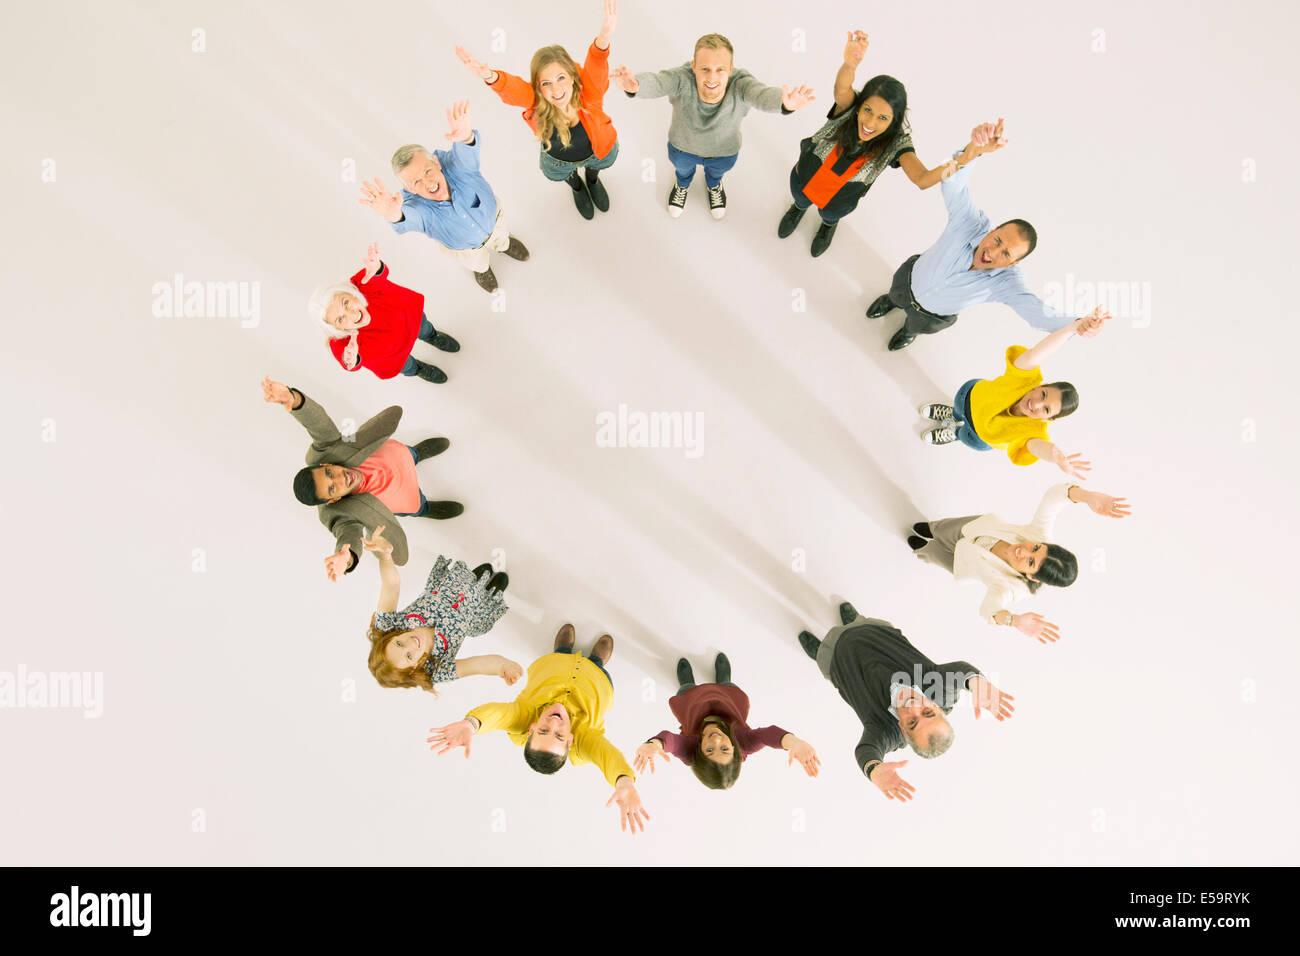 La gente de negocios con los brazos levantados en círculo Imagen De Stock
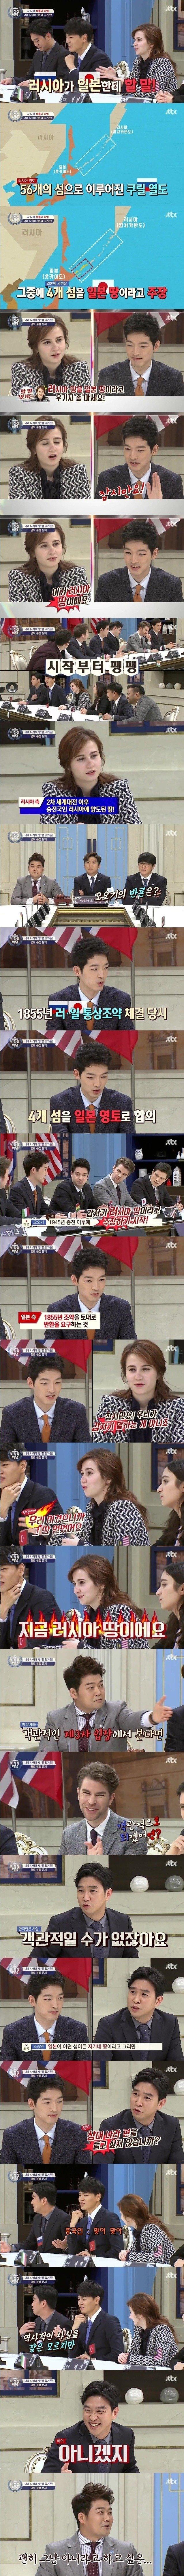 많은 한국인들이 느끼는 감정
§
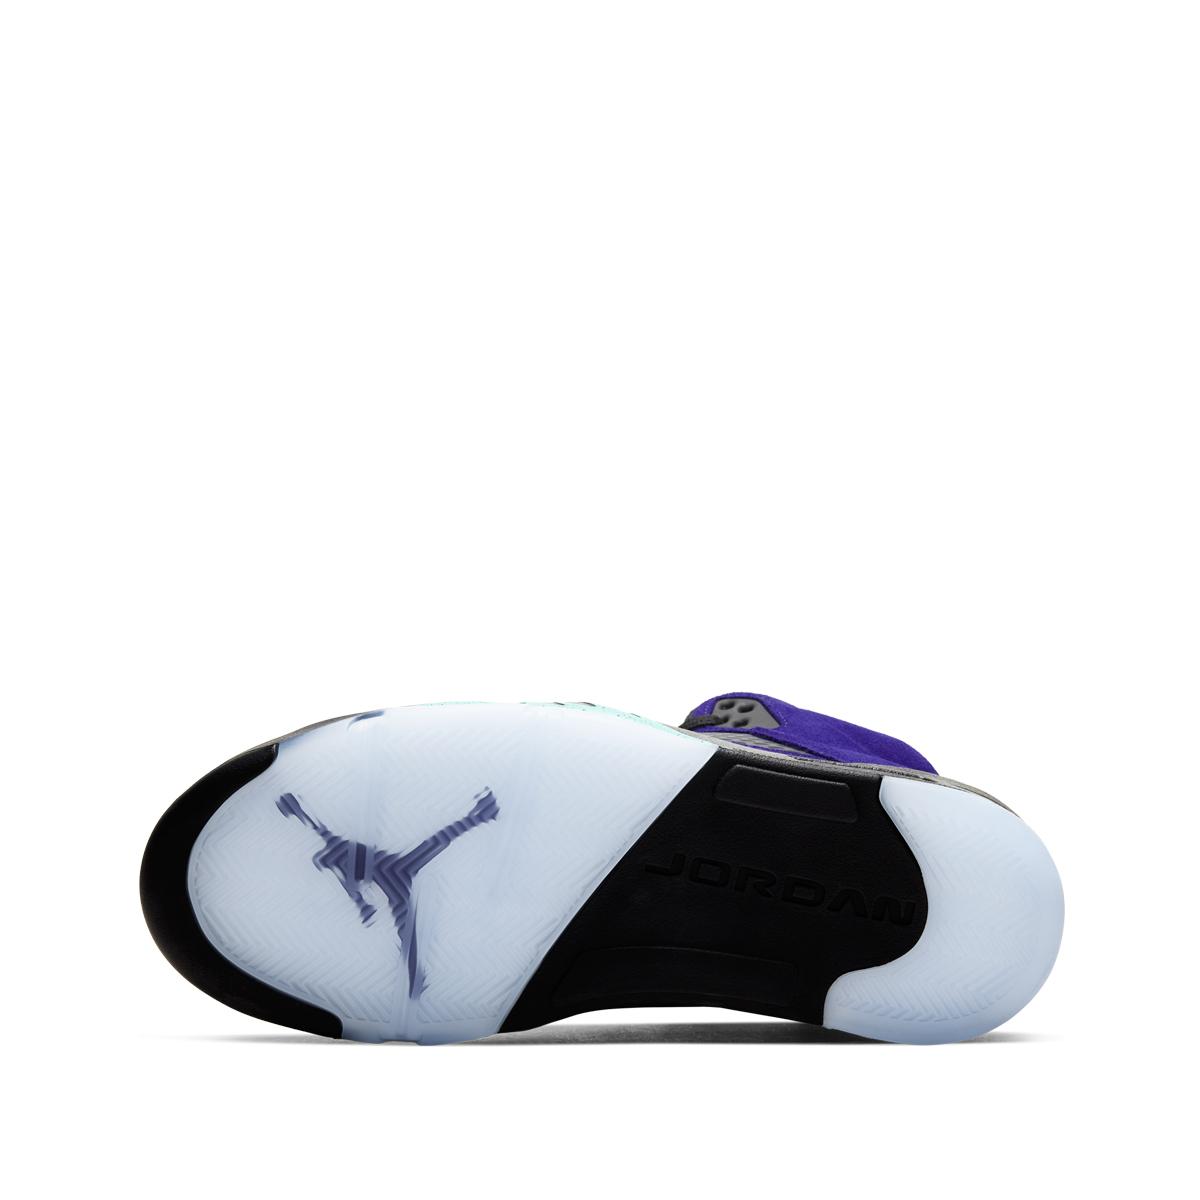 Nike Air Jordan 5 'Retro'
§
__Aim of the exercise__: Please copy out from the data above, without any picture, exactly the lines running from the one that holds "La gente de" through the one that holds "많은 한국인들이 느끼는 감정", and nothing beyond them.

__Answer box__:
 La gente de negocios con los brazos levantados en círculo Imagen De Stock
 많은 한국인들이 느끼는 감정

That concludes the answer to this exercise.